== Recorded data ==
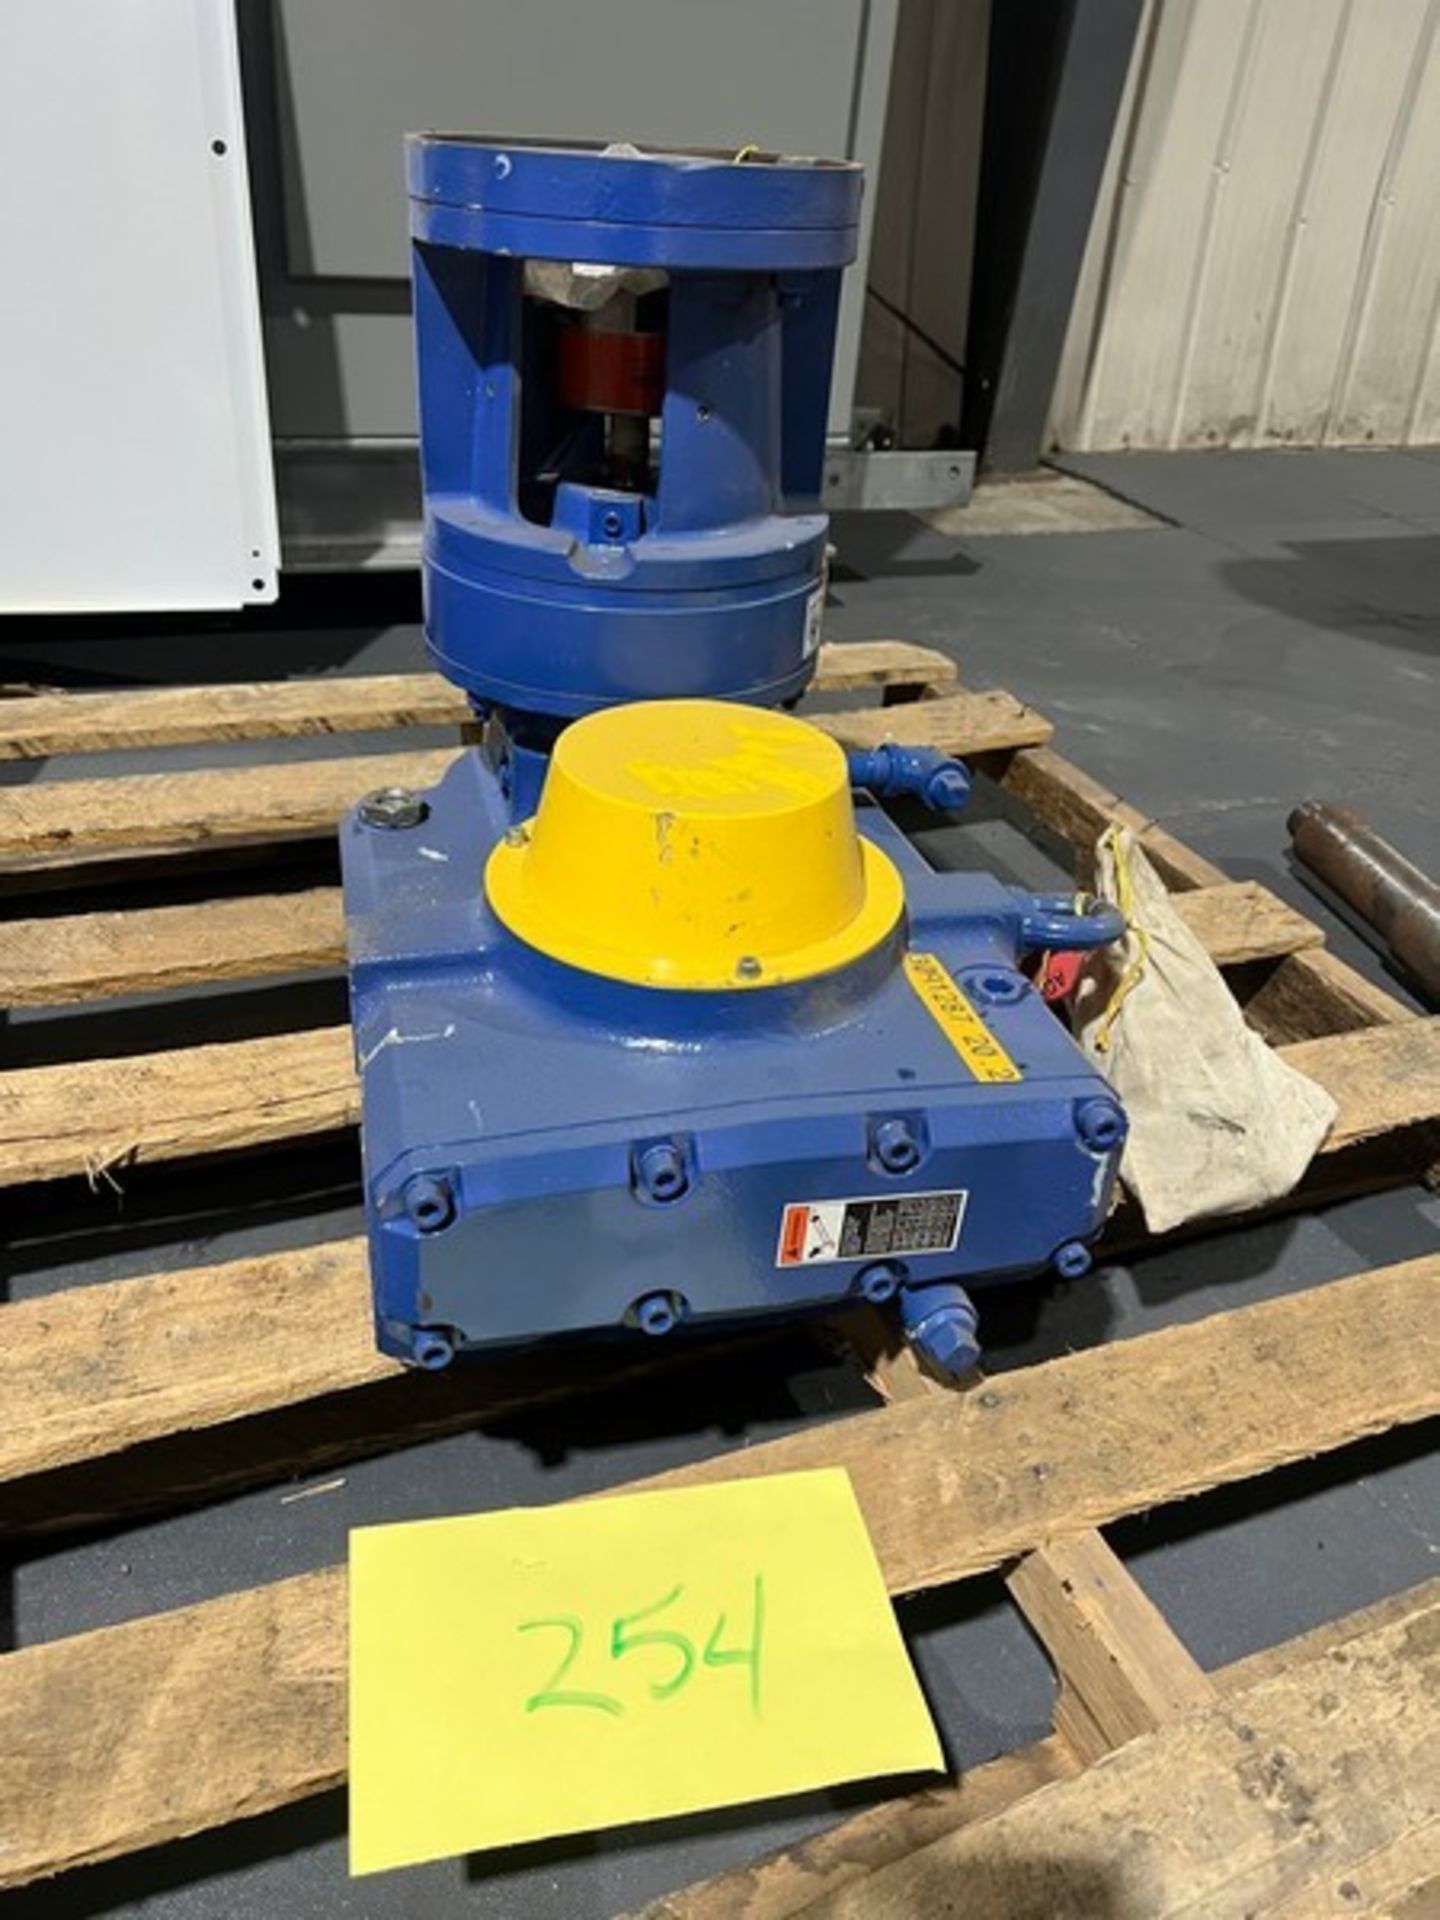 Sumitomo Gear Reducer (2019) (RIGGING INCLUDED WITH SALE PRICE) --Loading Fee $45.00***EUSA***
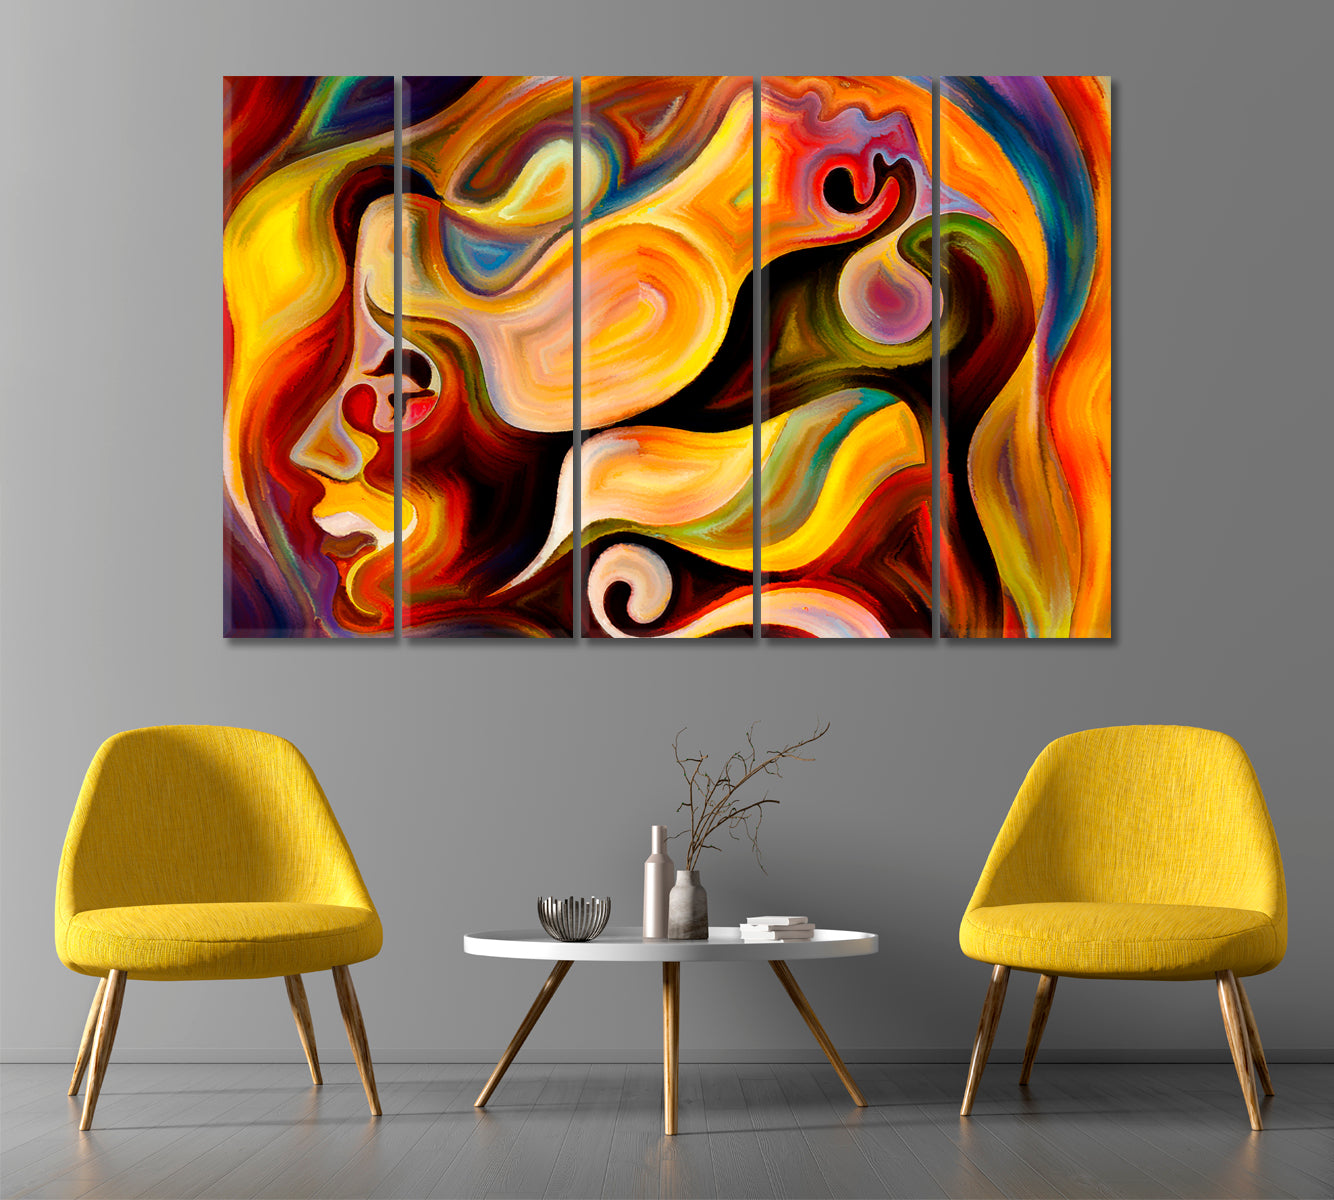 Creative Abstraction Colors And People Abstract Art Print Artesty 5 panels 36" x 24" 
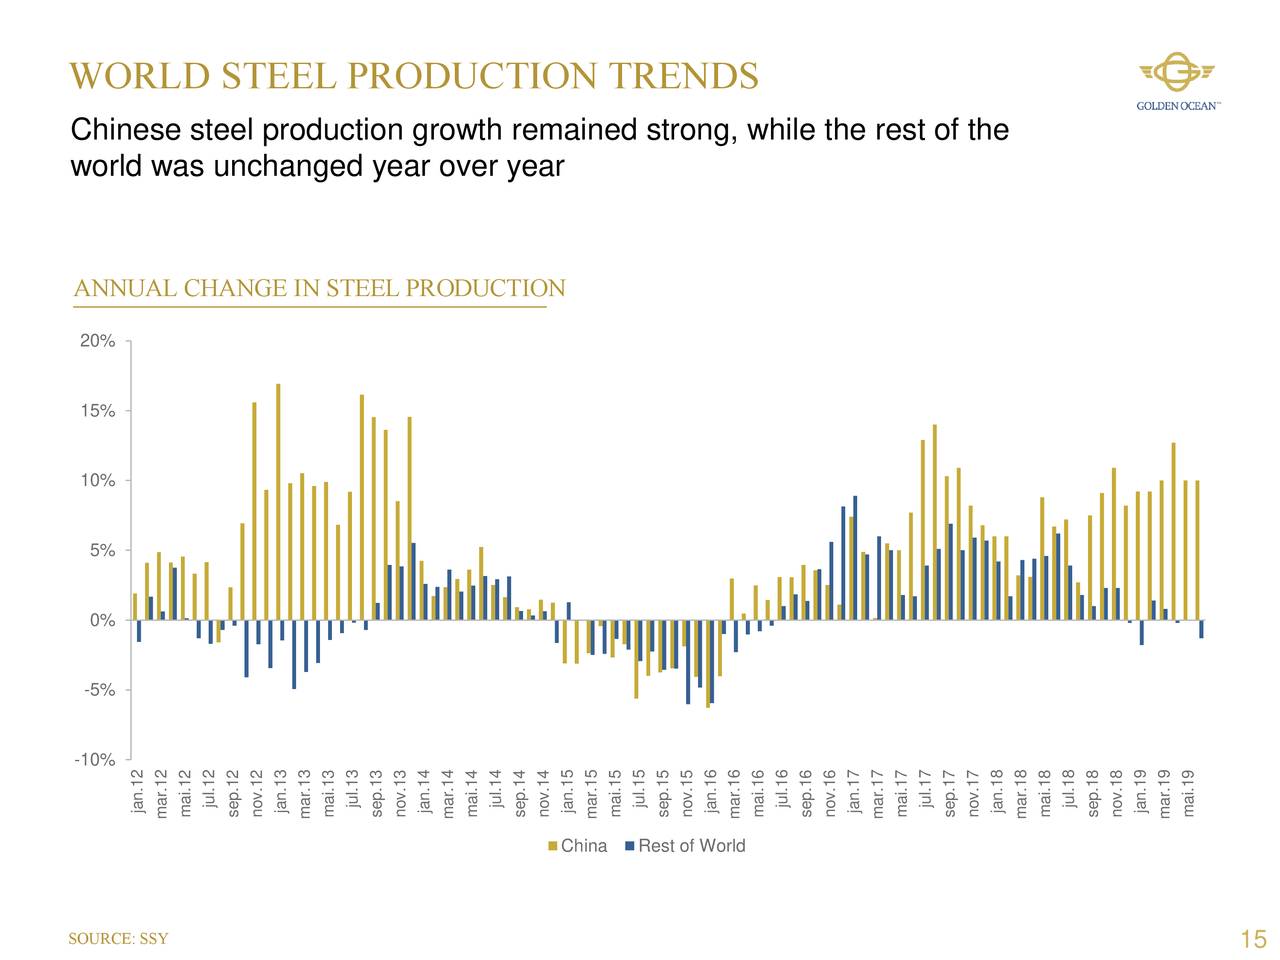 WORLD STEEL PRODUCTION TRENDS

== Instructions to follow ==
The data must be repeated exactly. Any pictures in it are to be left out.

== Answer to the problem ==
 Sumitomo Gear Reducer (2019) (RIGGING INCLUDED WITH SALE PRICE) --Loading Fee $45.00***EUSA***
 Creative Abstraction Colors And People Abstract Art Print Artesty 5 panels 36" x 24" 
 WORLD STEEL PRODUCTION TRENDS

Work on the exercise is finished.